The groups that Brusini established are separated on the Cartesian plane in the direction of the two variables considered by taking intervals of equal length in the x- and y-axes. However, these axes do not correspond to the directions of the maximum variability of the data, which would be the directions of the principal components.

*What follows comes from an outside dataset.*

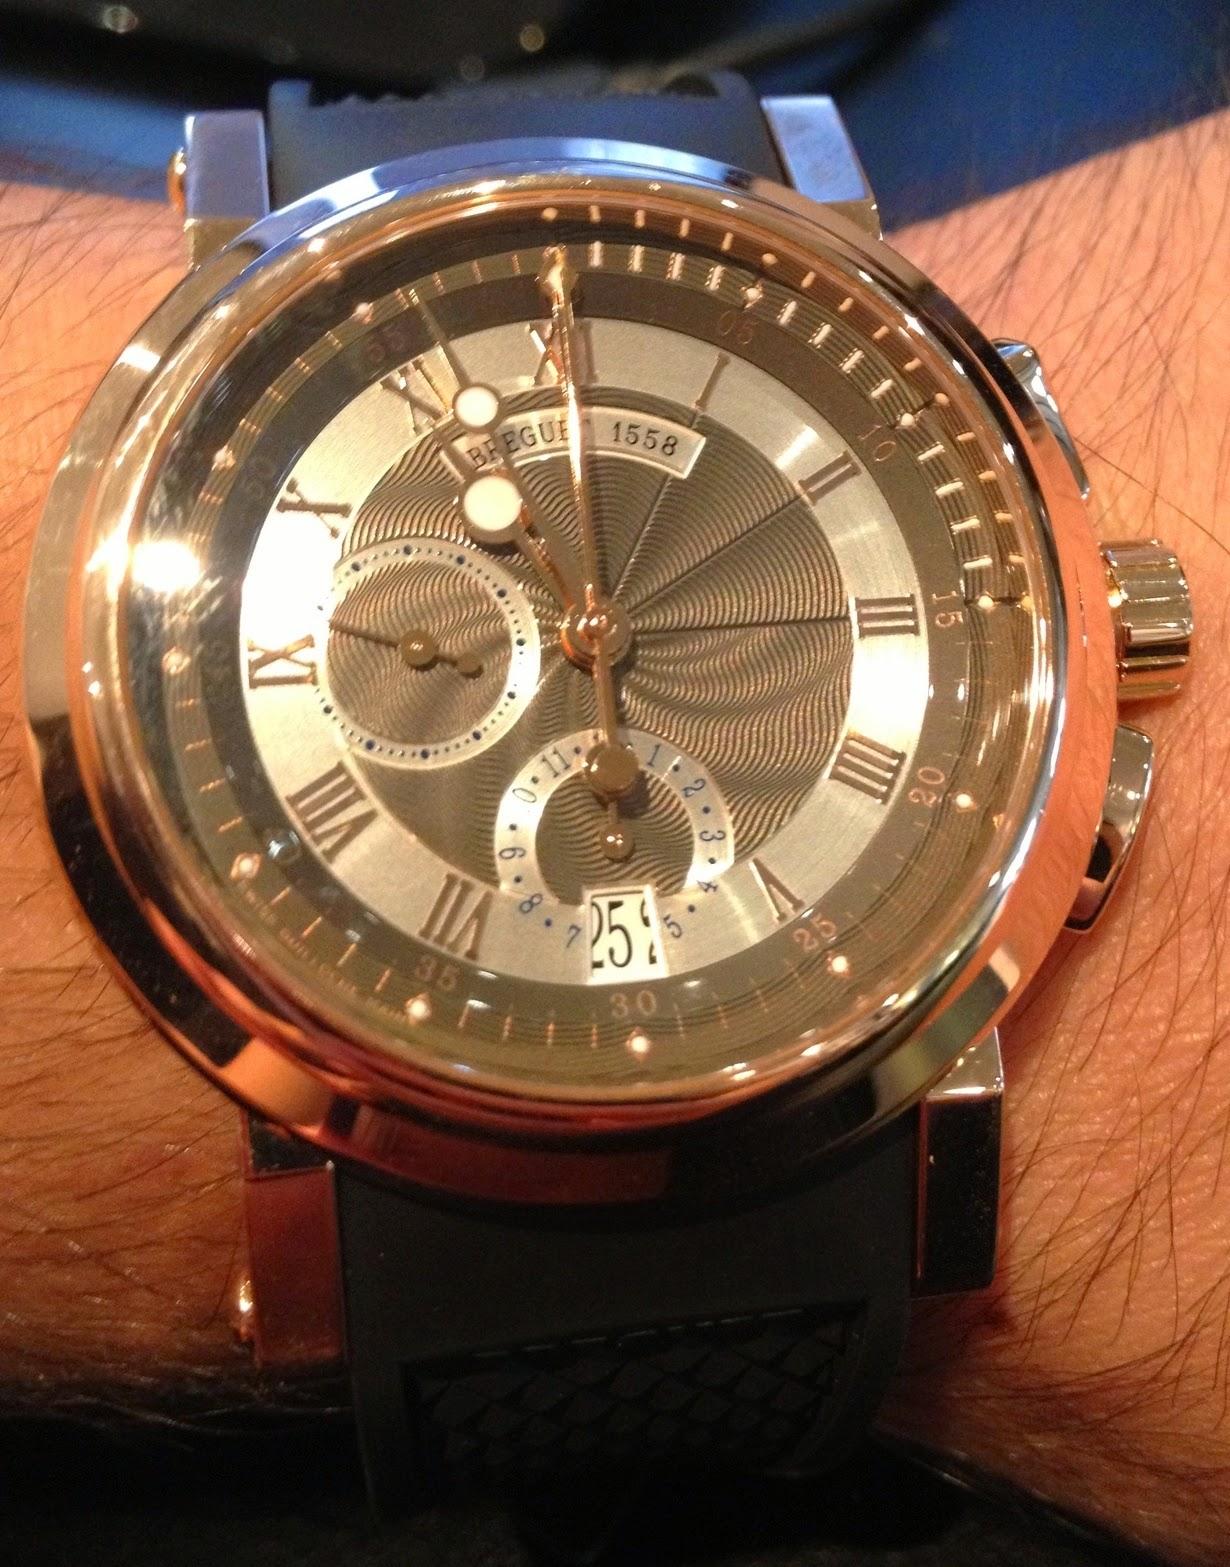 Montre Breguet Marine Chronographe
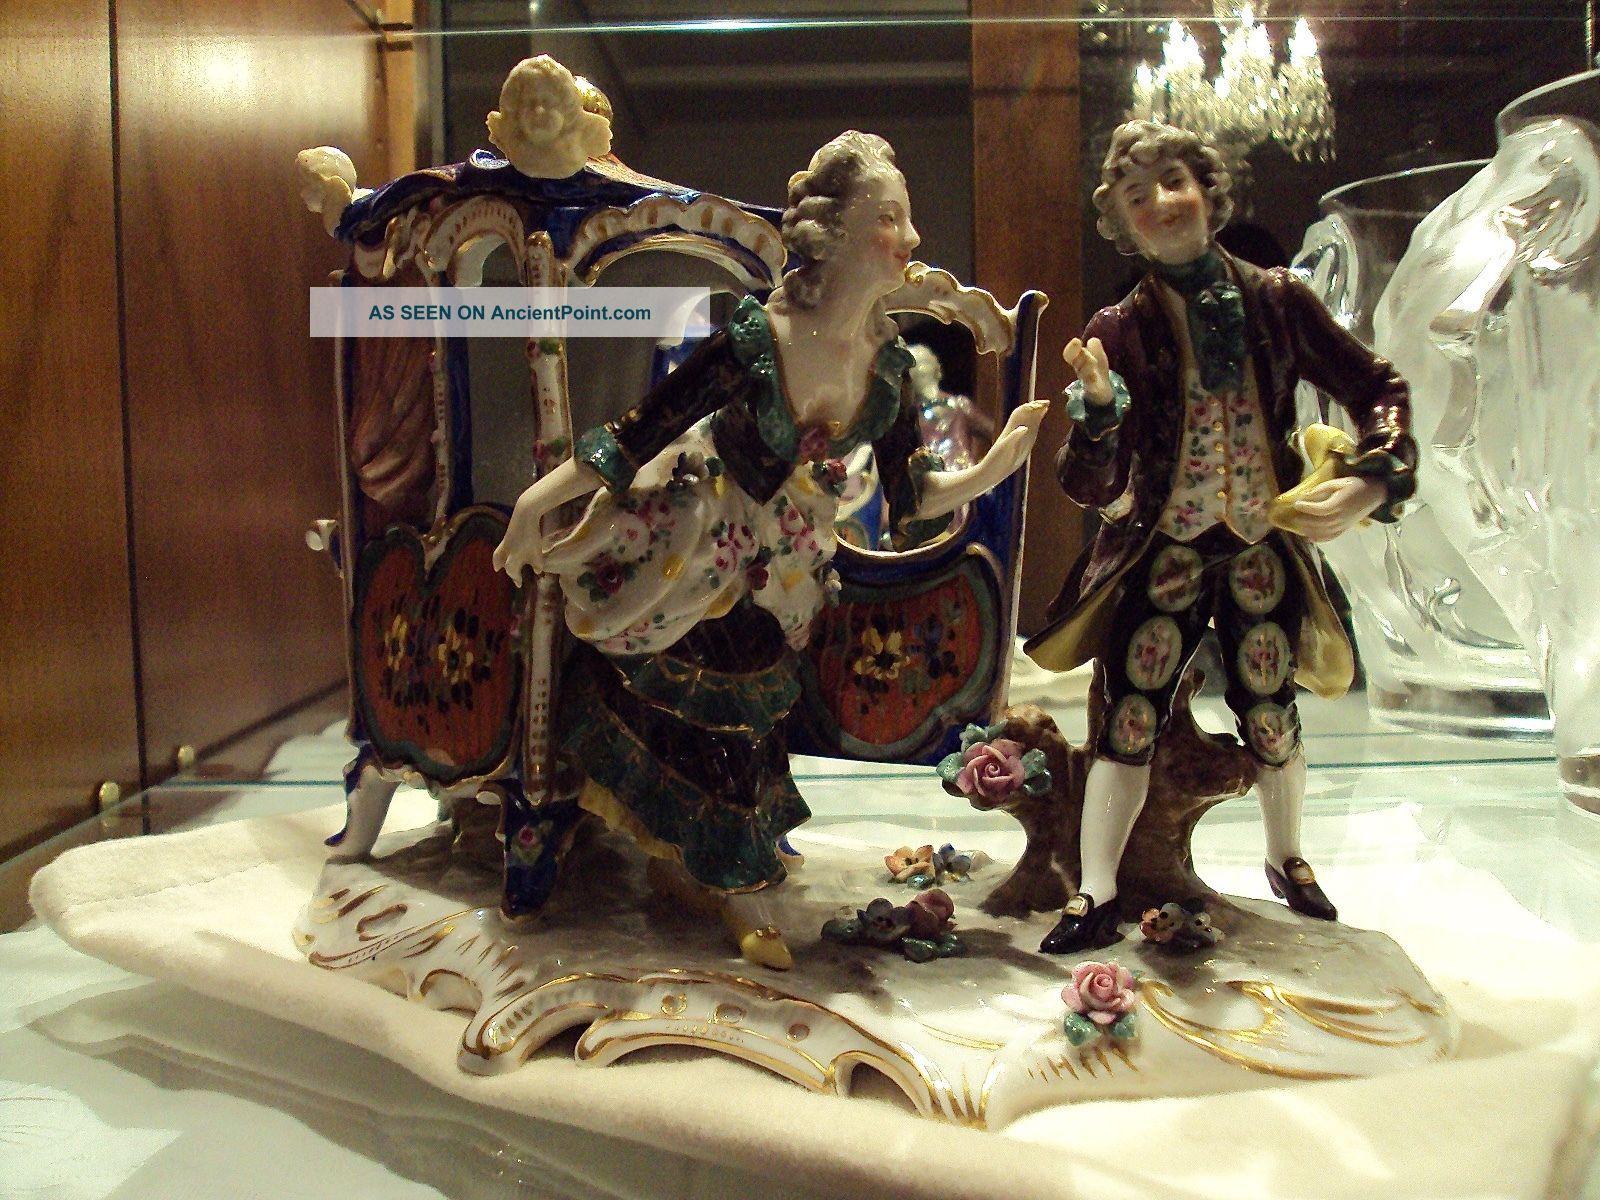 Royal Vienna Ladies Arrival Porcelain Figurine/austria Lat19th - E20thc/sanja Resv Figurines photo

Our groups are very well separated in the direction of the first principal component, as shown in
Figure 6. When using the
k-means algorithm, the resulting groups were not same size, but emerge more naturally by agglutination around the centroids of each group. As for the validation of the classification model, Brusini’s only studied sensitivity (0.85–0.95) and specificity (0.92–0.98) to distinguish between patients with perimetric damage and healthy patients, but not for making the distinction between different stages. Our results, which include ocular hypertensive patients (without 315 perimetric damage), validate the system with similar balanced accuracies (
Table 6) when healthy eyes are not included. When healthy eyes are included in the classification system, the sensitivity of stages I and II lowers. The reason for this is that the cluster of stage I, and partially the cluster of stage II, overlap the cluster of healthy eyes, as we can see in
Figure 6b. Thus most of the eyes in stage I are wrongly classified as healthy, as are some of the eyes in stage II. However, the sensitivity and specificity of stages III and IV remain similar to those of Brusini’s study.
Our classification algorithm not only demonstrates its functionality within a group of known glaucomatous patients but can also be useful for the diagnosis of POAG in general population surveys because, although its performance in early glaucoma stages (I and II) shows low sensitivity and specificity, significant values are reached in more advanced stages (III and IV), thus enabling diagnosis with a mean global precision of 0.88. When we considered the robustness of our study due to the verification and evaluation of 1001 patients, 235 of whom had glaucoma at various disease stages, we can accept that only a single tomographic scan was considered for the study (the last scan performed). This test was considered the examination that would define the current process state.
This study has some limitations. As it is a cross-sectional study, its conclusions cannot be strictly considered to POAG progression in time and follow-up. More studies have to be done in this sense. Moreover, this work was performed with Caucasian participants, so its results should not be extended to other races. In adition, individuals with refractive error above the spherical equivalent of three dioptres were excluded from this study in order to avoid artifactual results of OCT. Hence this system cannot be applied to eyes with moderate to severe refractive errors, and external validity of the current study may be restricted according to ethnic or refractive factors. Finally, we only considered VF results as the inclusion/exclusion criteria in this work. Thus, we did not compare our proposed OCT clinical-evolutionary staging system with VF parameters. The reasons for this were the subjective nature and poor reliability of VF, as explained above. However, we consider that this issue should be addressed in further studies.
In conclusion, we present a new objective method to classify glaucoma patients according to both BMO-MRW and RNFL measurements that could be useful in clinical practice.